* [PROBLEM STATEMENT]:
Please give back, word for word, only the lines starting at the one containing "New Balance 890" and ending at the one containing "QTY 3 VMAX64" within the material below.

* [LISTED RECORDS]:
┌──

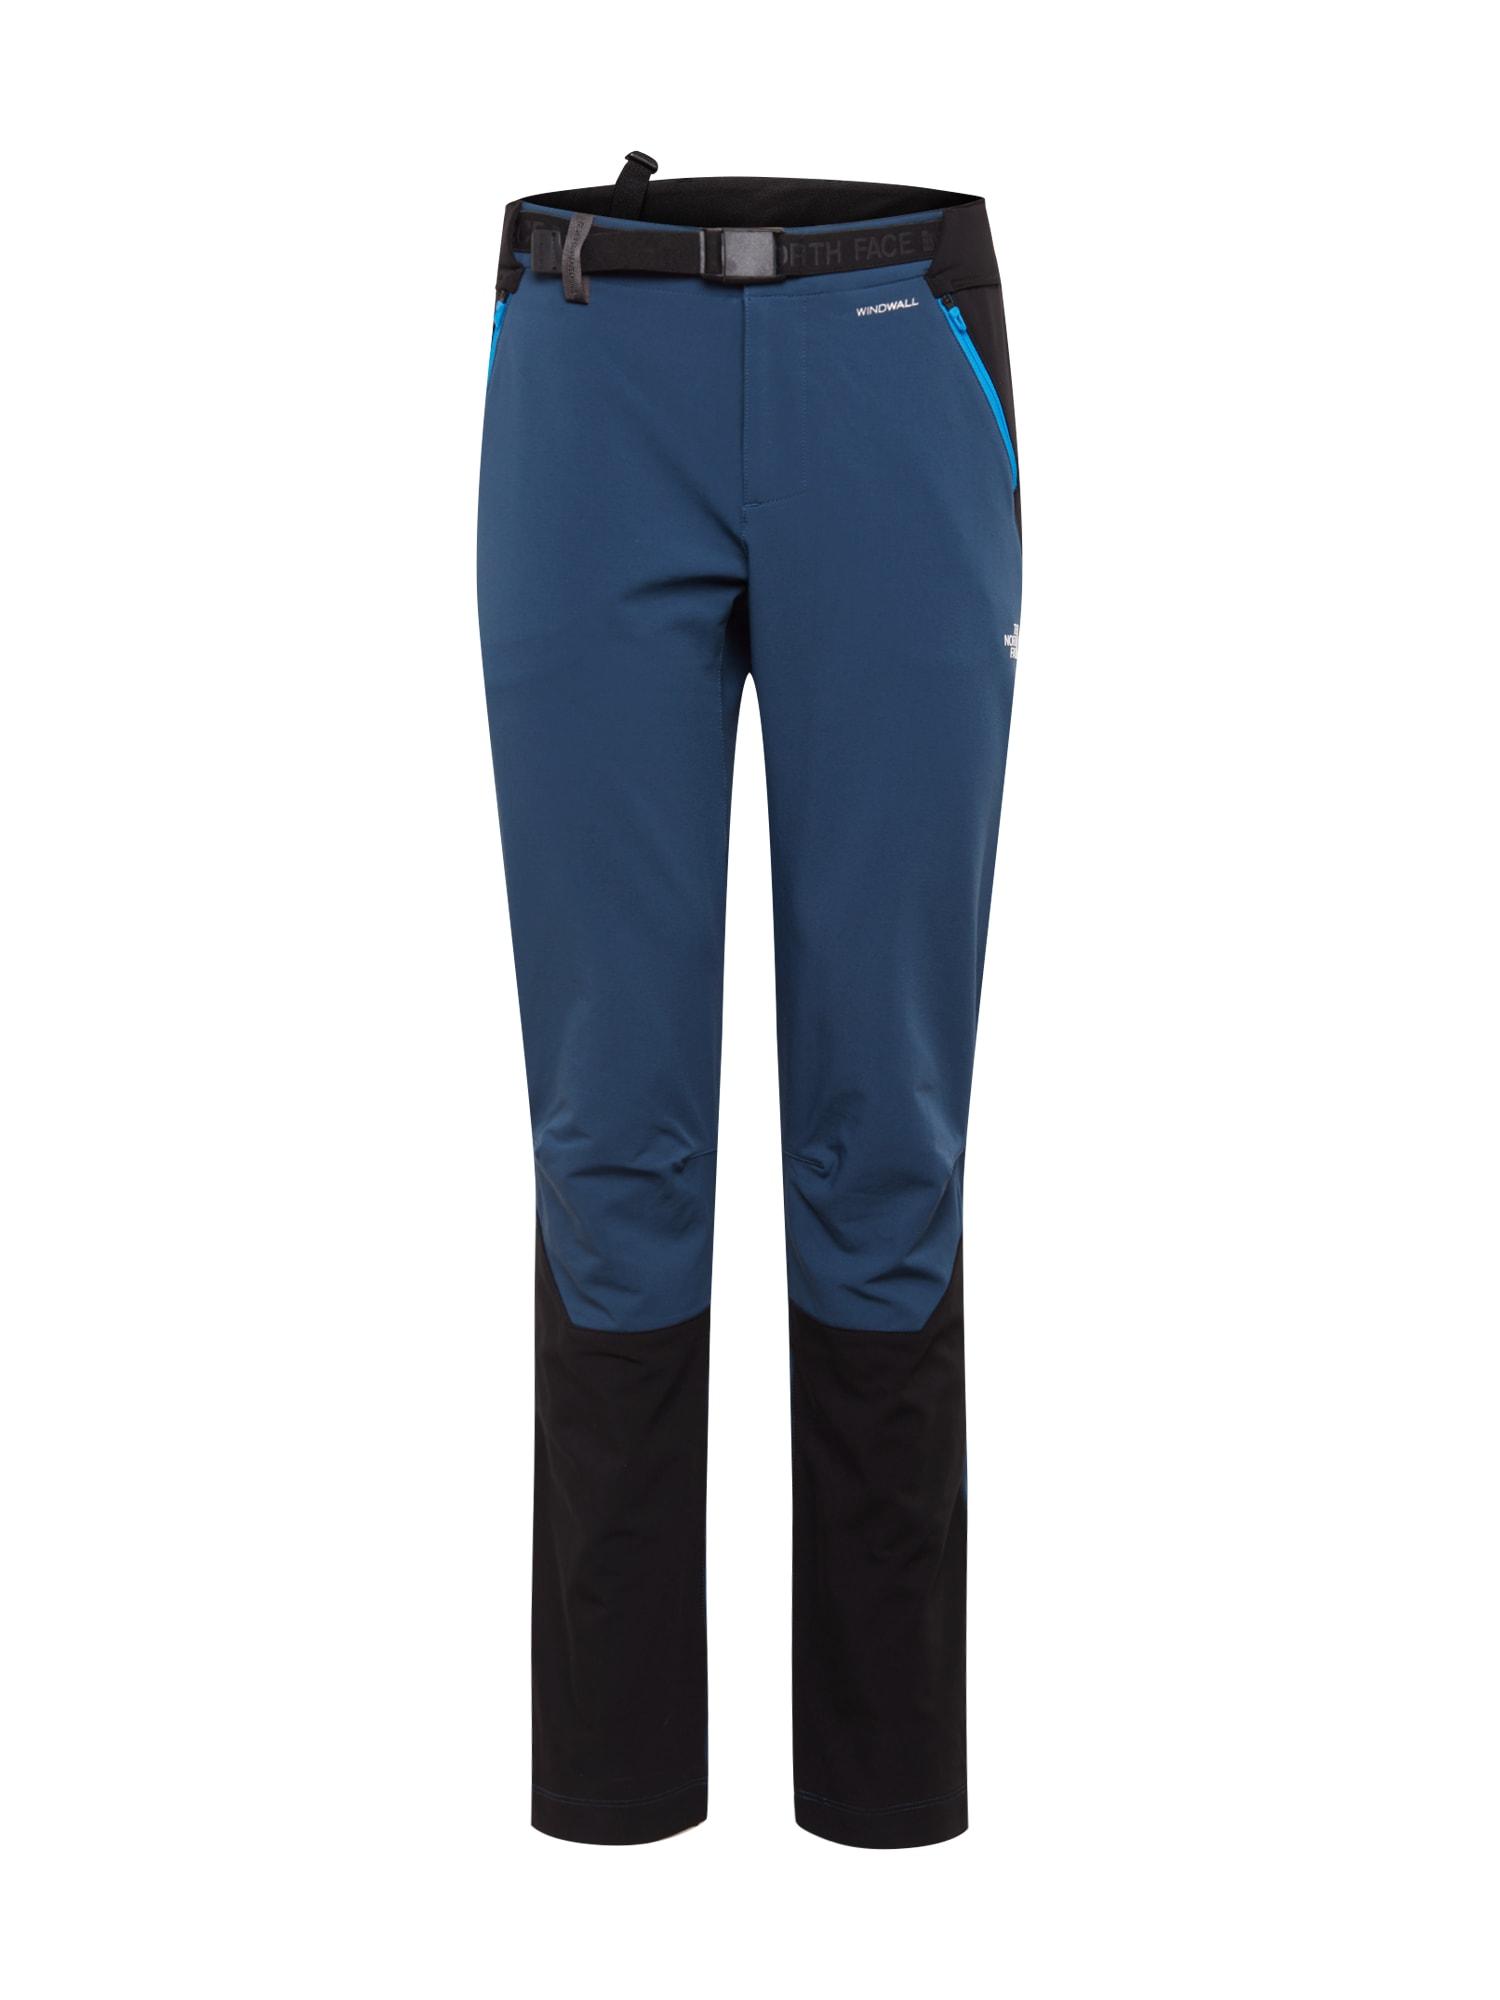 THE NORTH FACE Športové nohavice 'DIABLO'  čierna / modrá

└──
┌──

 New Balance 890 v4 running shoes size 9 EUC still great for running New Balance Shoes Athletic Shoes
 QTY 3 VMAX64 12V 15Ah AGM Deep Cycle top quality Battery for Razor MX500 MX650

└──
┌──

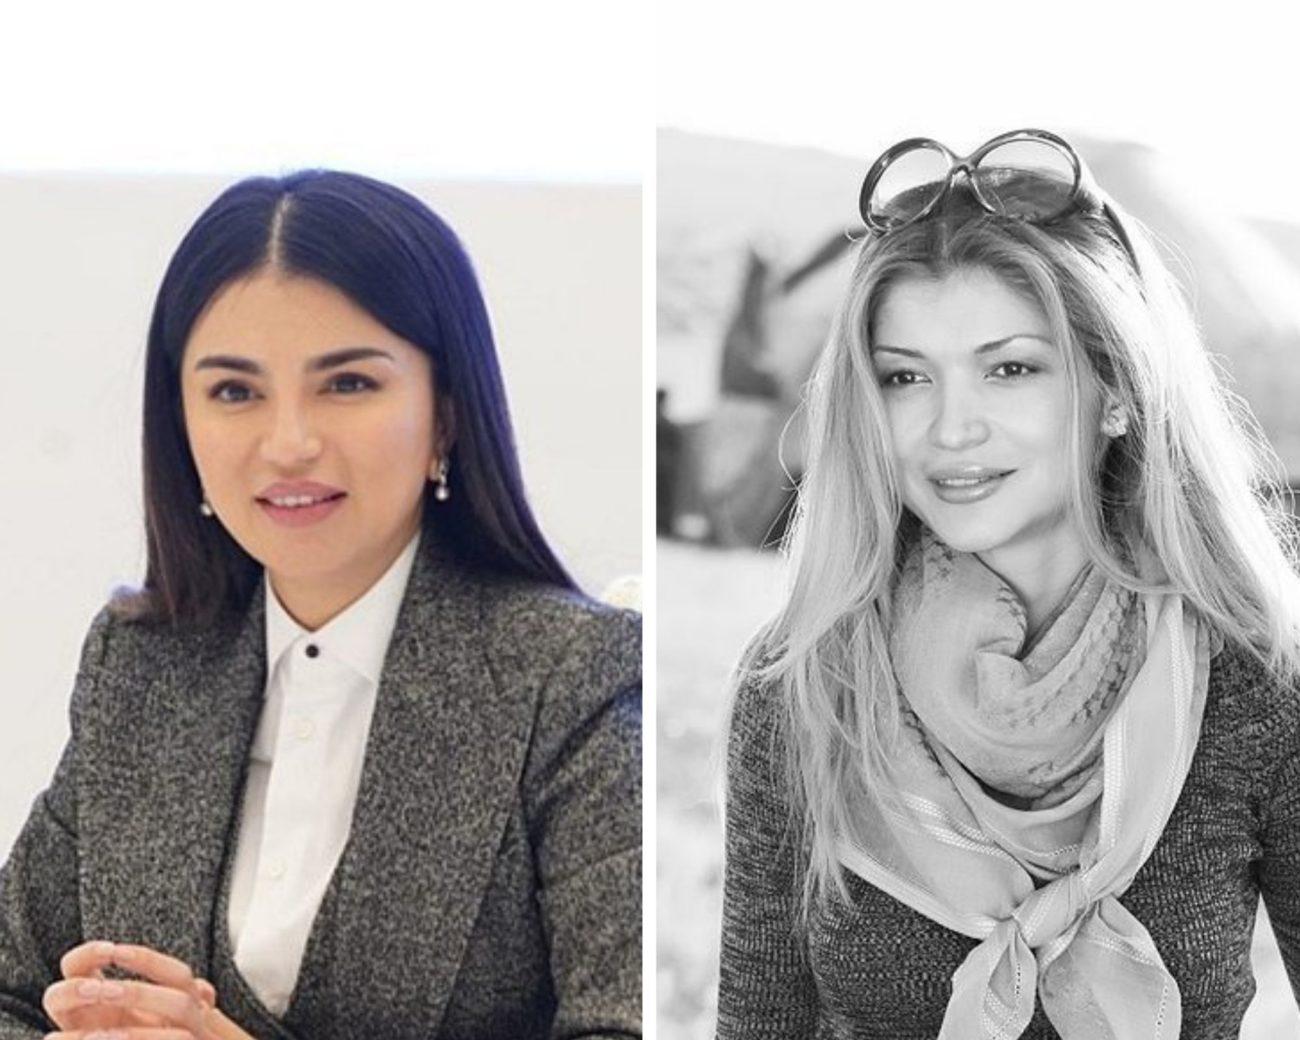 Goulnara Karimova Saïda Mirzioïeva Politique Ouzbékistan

└──

* [TASK ANSWER]:
 New Balance 890 v4 running shoes size 9 EUC still great for running New Balance Shoes Athletic Shoes
 QTY 3 VMAX64 12V 15Ah AGM Deep Cycle top quality Battery for Razor MX500 MX650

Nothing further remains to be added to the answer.